Celecoxib modulates hypertrophic signalling and prevents load‐induced cardiac dysfunction

In human hearts, the transition from cardiac hypertrophy to advanced heart failure (HF) is accompanied by a tremendous increase in Akt phosphorylation. In non‐myocardial tissue, the cyclooxygenase (COX)‐2 inhibitor celecoxib has been shown to COX‐independently inhibit Akt signalling. We studied the effects of celecoxib on Akt signalling and hypertrophic response in myocardium. In rabbit isolated cardiac myocytes celecoxib concentration‐dependently (10–100 μmol/L) inhibited the insulin‐induced increase in phosphorylation of Akt and its downstream targets, GSK‐3β and p70 S6 kinase, by reducing the phosphorylation level of the upstream regulator PTEN. Inhibition of Akt signalling was accompanied by a significant suppression of characteristic features of cardiac hypertrophy: Celecoxib concentration‐dependently suppressed the agonist‐induced enhancement of total protein synthesis and BNP mRNA expression.
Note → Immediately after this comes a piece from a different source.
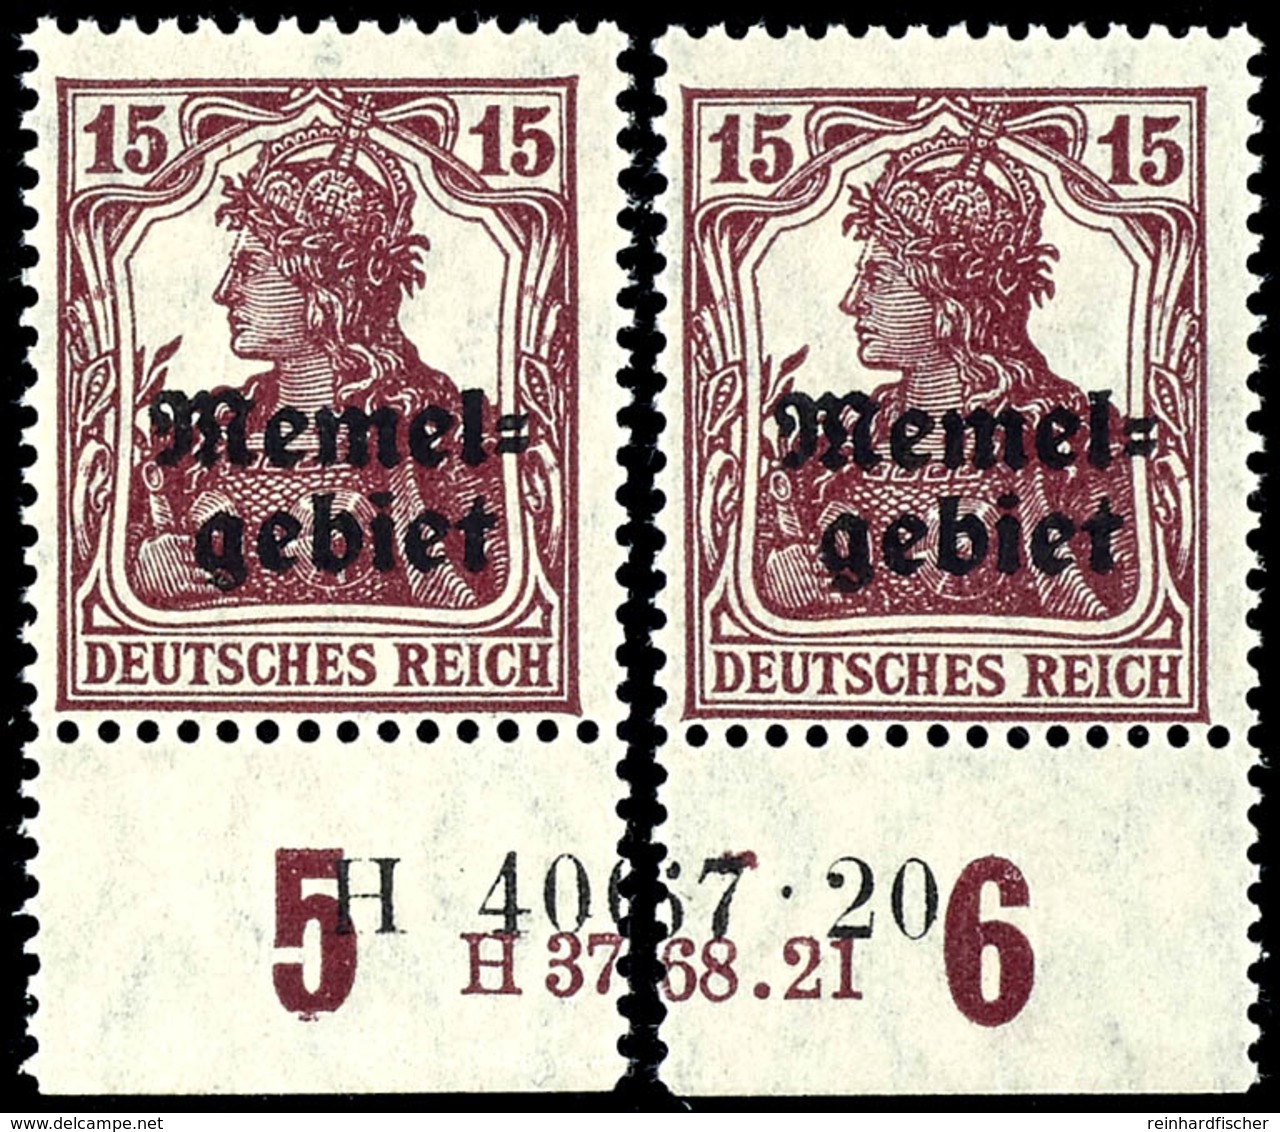 15 Pfennig Germania Mit Aufdruck, Senkrecht Geriffelte Gummierung, Postfrisch, Geteiltes Unterrandpaar Mit HAN-U 3768.21 - Memel (Klaïpeda) 1923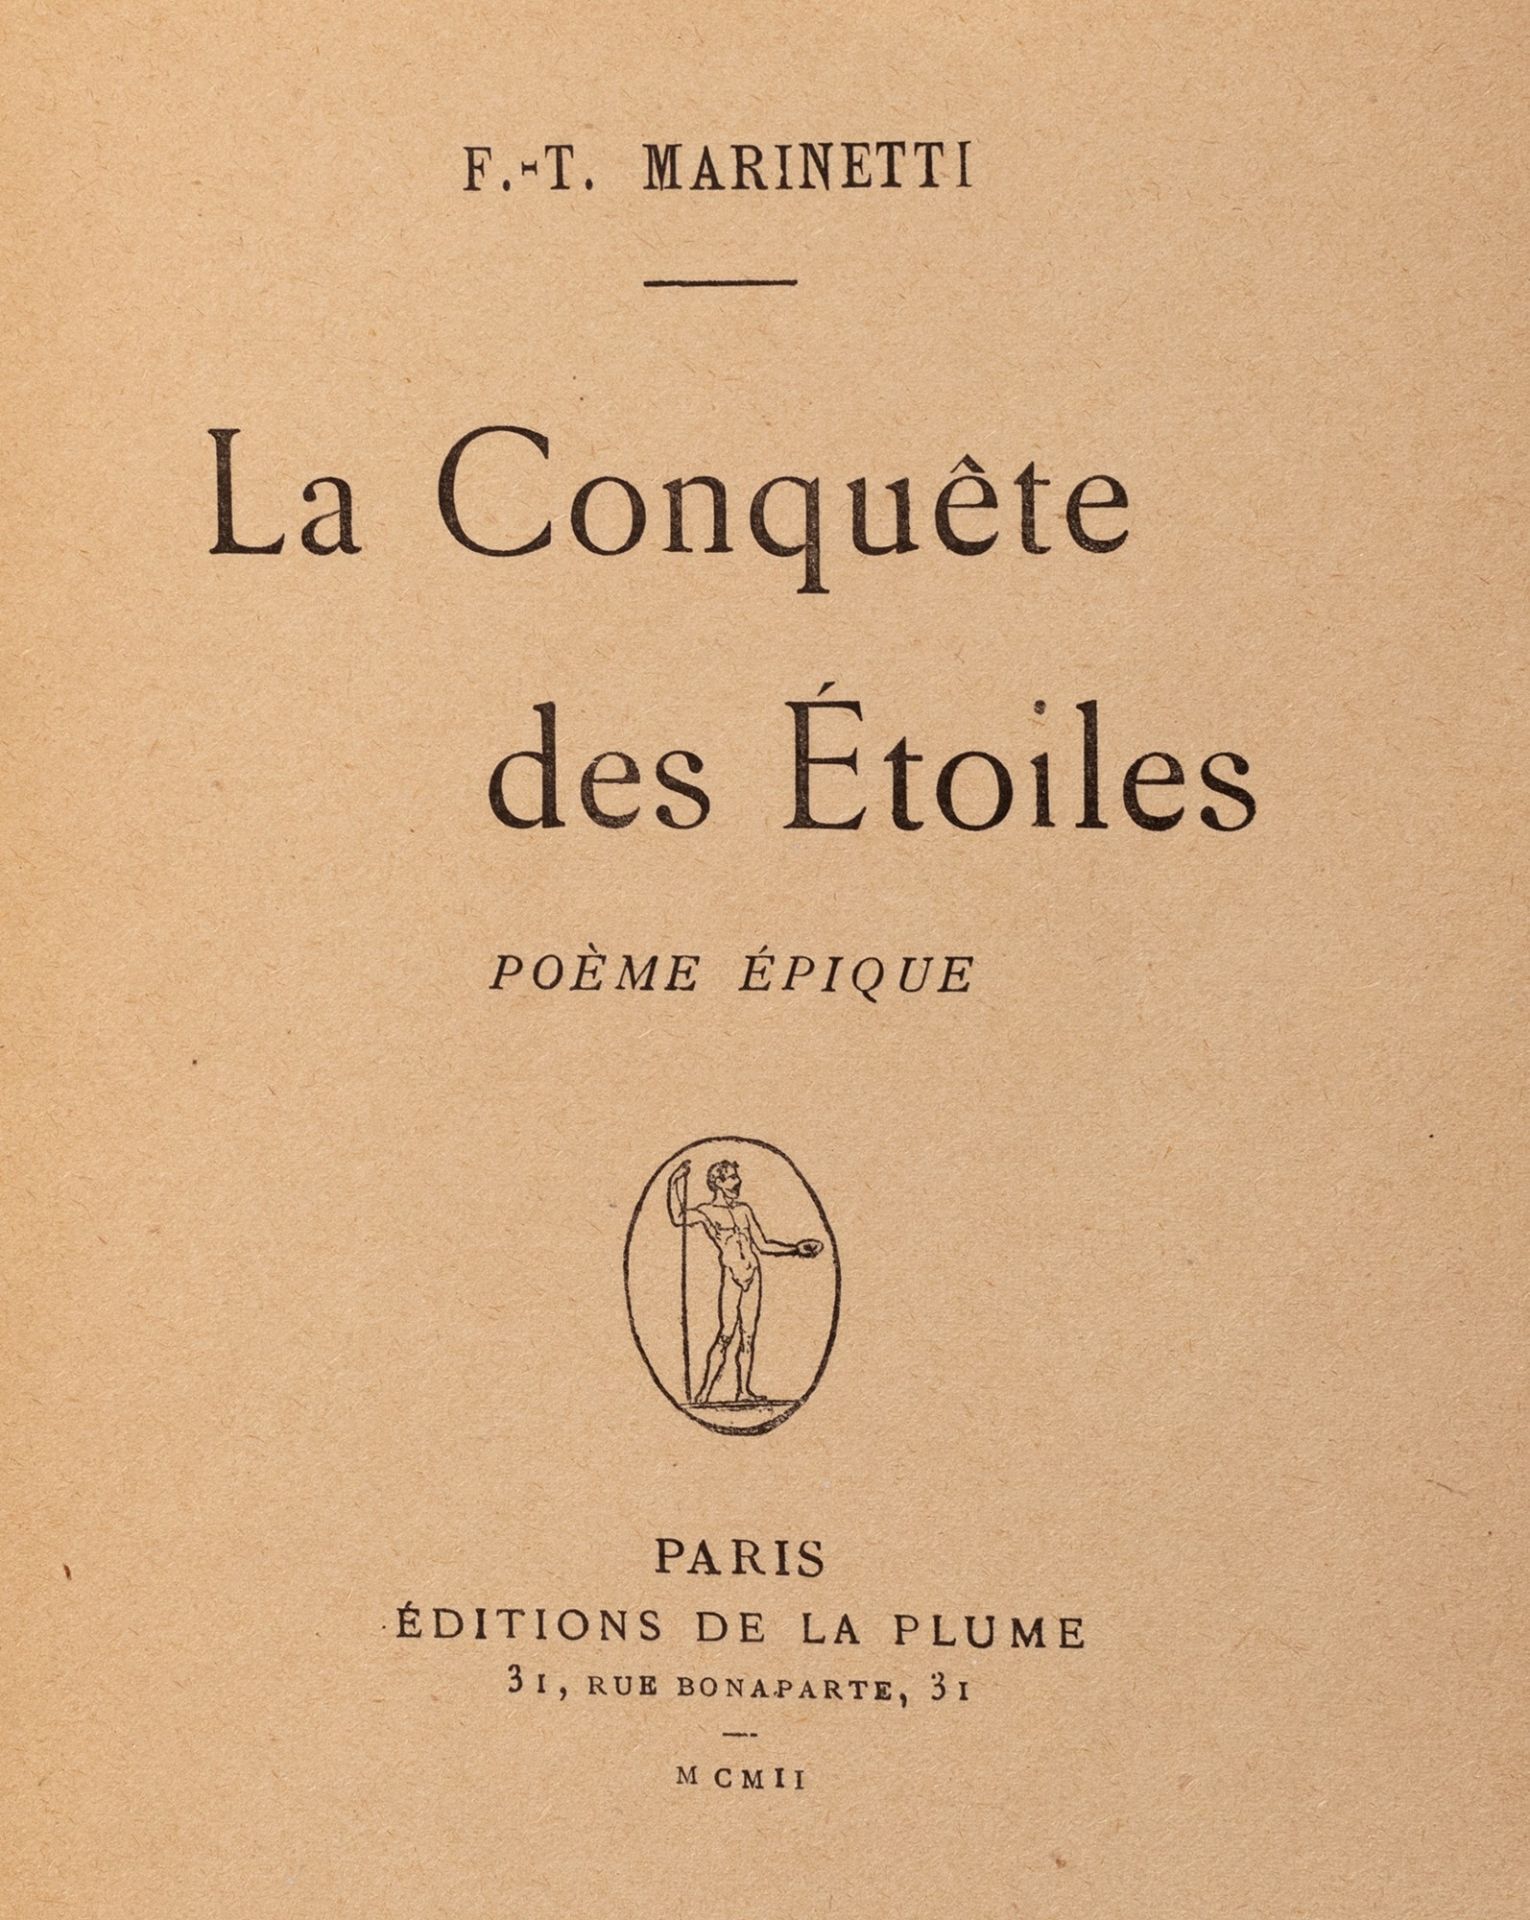 Futurismo - Marinetti, Filippo Tommaso - The Conquete des Etoiles. Poème epique. - Image 2 of 3

In mice (C57BL/6NCrl) subjected to left ventricular (LV) pressure overload by aortic banding, celecoxib treatment (50 mg·kg −1 ·d −1 ) significantly attenuated LV dilation and contractile dysfunction compared with placebo‐treated mice. Moreover, celecoxib significantly reduced mortality 8 weeks after banding. Thus, celecoxib can be used to titrate Akt signalling and hypertrophic response in myocardium. It reduces load‐induced LV dilation, contractile dysfunction and mortality in vivo . This may have clinical implications for the prevention and treatment of maladaptive hypertrophy and its progression to HF in humans.